British retail sales slowed more than expected in June and mortgage approvals fell on the year last month, indicating higher interest rates may be starting to bite.
Nevertheless, signs consumers are tightening their belts are unlikely to deter the Bank of England from raising rates further and futures prices in the financial markets indicate rates are likely to hit 6 percent by the end of the year.
A survey from the Confederation of British Industry on Wednesday showed June was the weakest month for retailers since November. Sales of clothes, housing goods and furnishings were particularly hard hit as higher borrowing costs and wet weather kept shoppers off the High Street.

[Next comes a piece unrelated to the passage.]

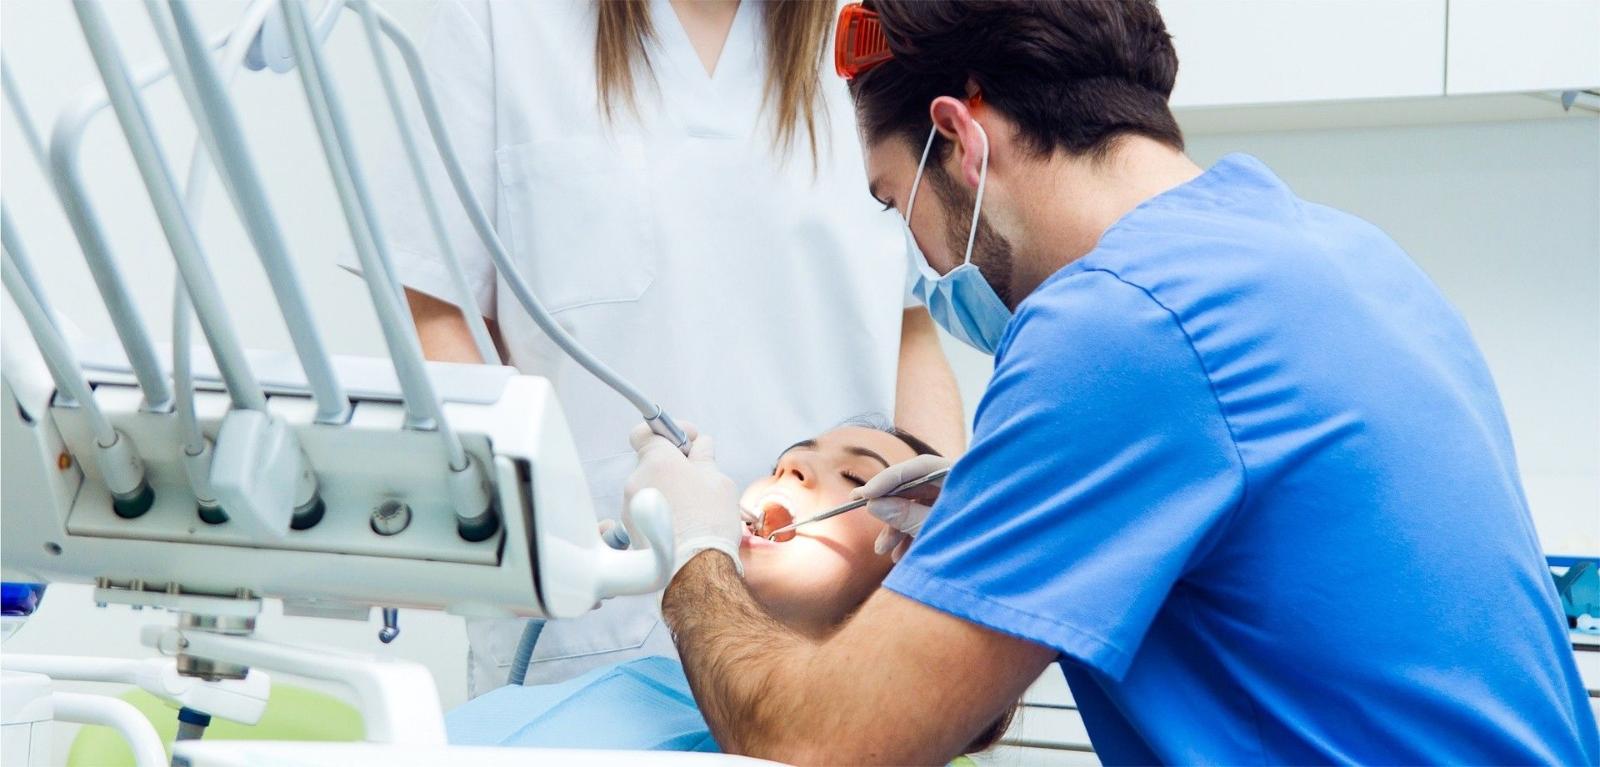 Современная качественная стоматология — это очень высокотехнологичная отрасль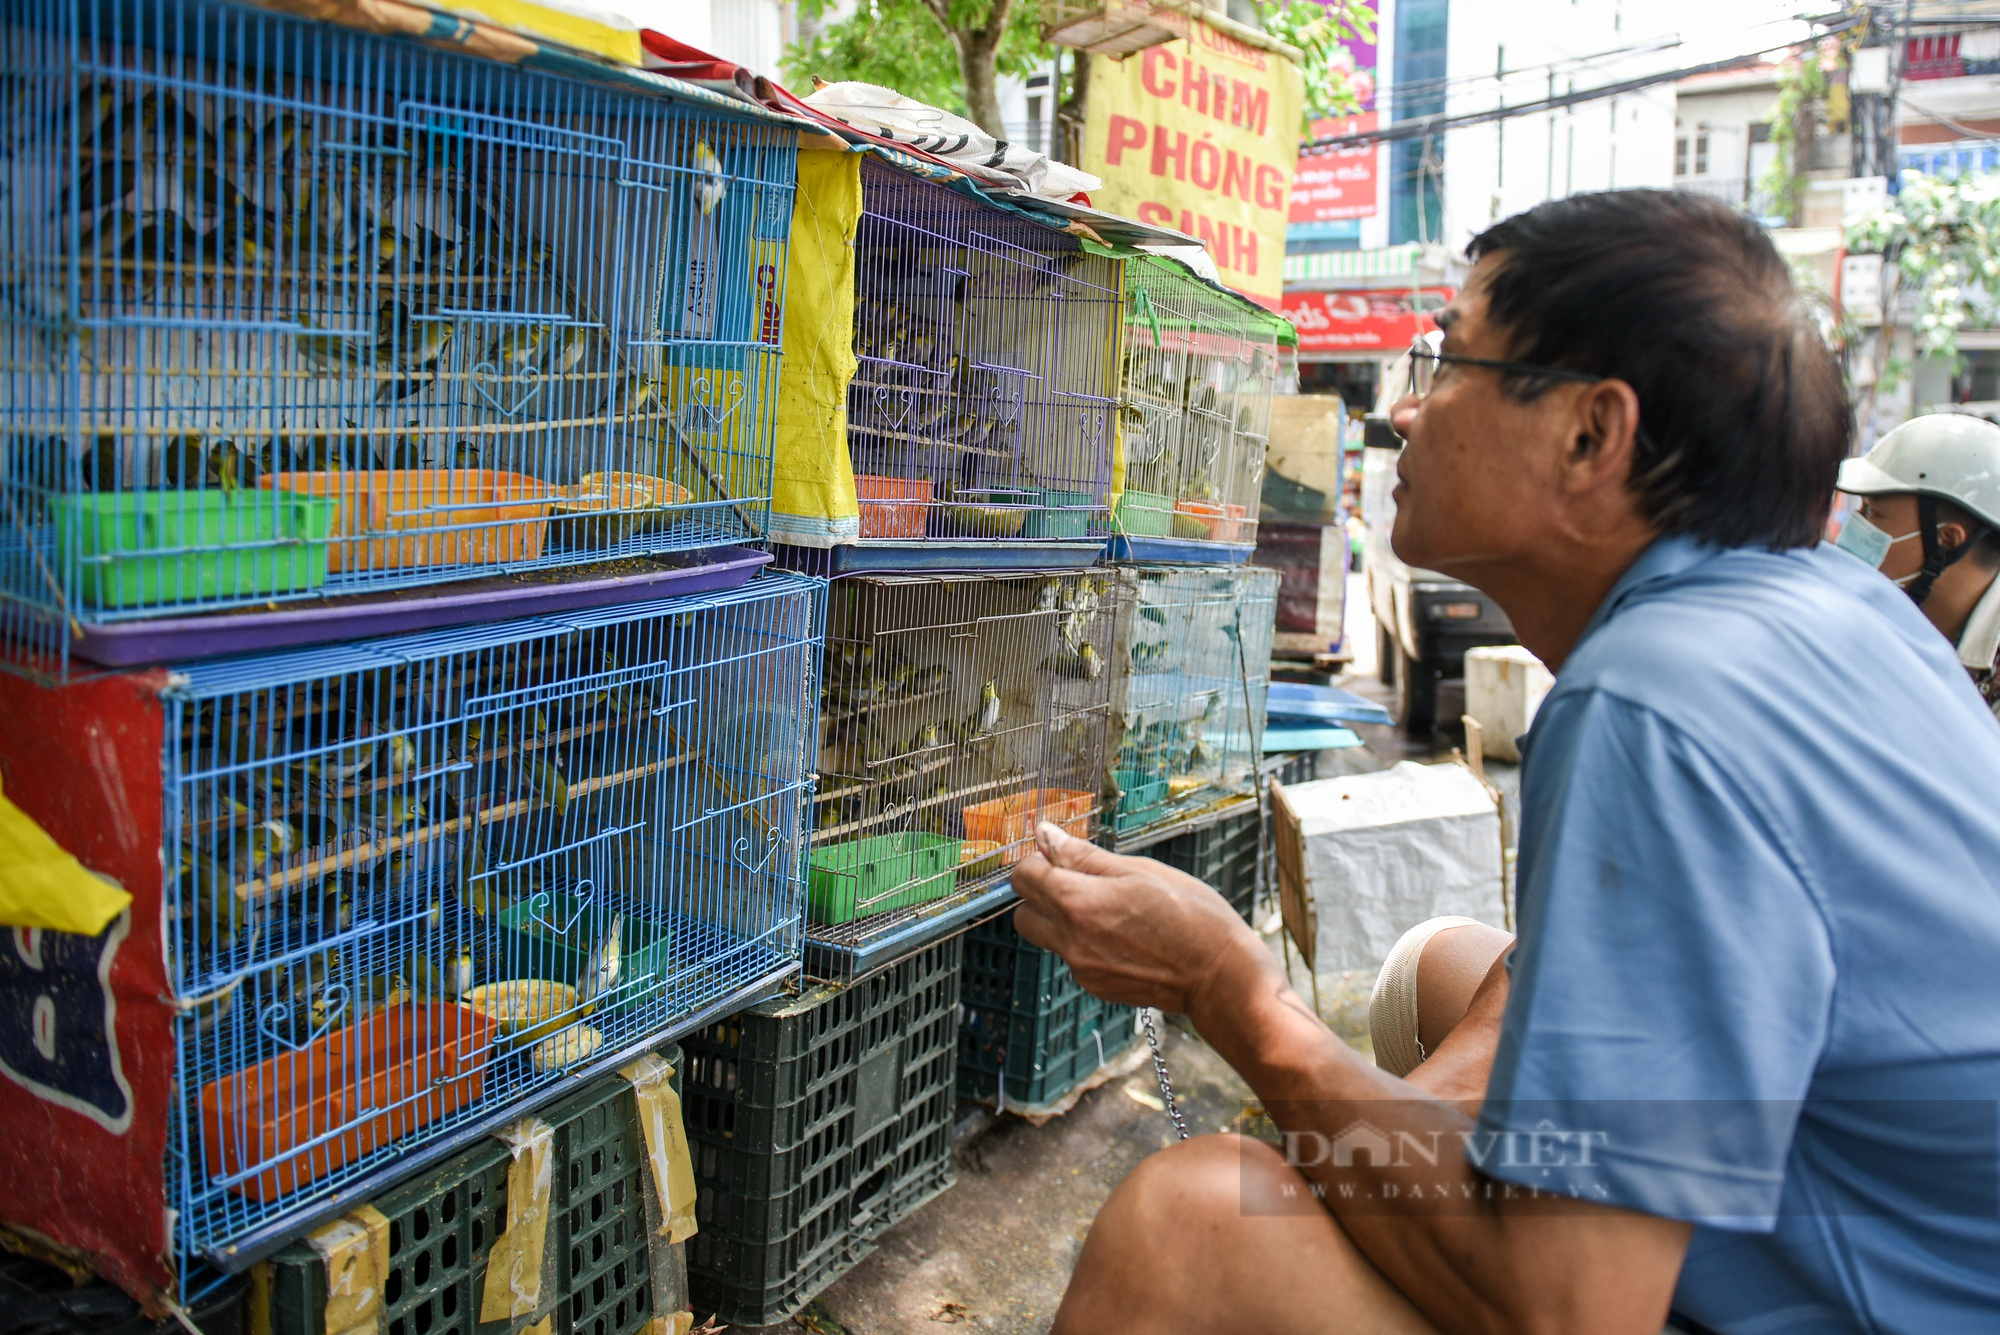 Hàng nghìn chú chim phóng sinh được bán ra trong dịp rằm tháng 7 - Ảnh 7.

"The figures provide evidence the consumer is beginning to feel some ill effects from the BoE's ongoing tightening campaign - albeit, we would argue, not sufficiently weak to forestall a rise in rates to 6 percent this year," said Richard McGuire at RBC Capital Markets. Minutes of the central bank's June meeting showed four of the nine Monetary Policy Committee members opposed the decision to leave rates unchanged this month at 5.5 percent, a six-year high, arguing demand growth needs to slow to bring inflation back to target.
The bank has raised interest rates four times in less than a year to the highest level among the Group of Seven industrialised economies. How fast and how high interest rates eventually rise will depend to a large extent on how quickly the housing market loses steam.
Bank of England Deputy Governor John Gieve said on Tuesday there were "glimmers of a slowdown" in the property market, even though house prices were still rising fast, particularly in London. However, house price inflation is still running at around 10 percent on most measures.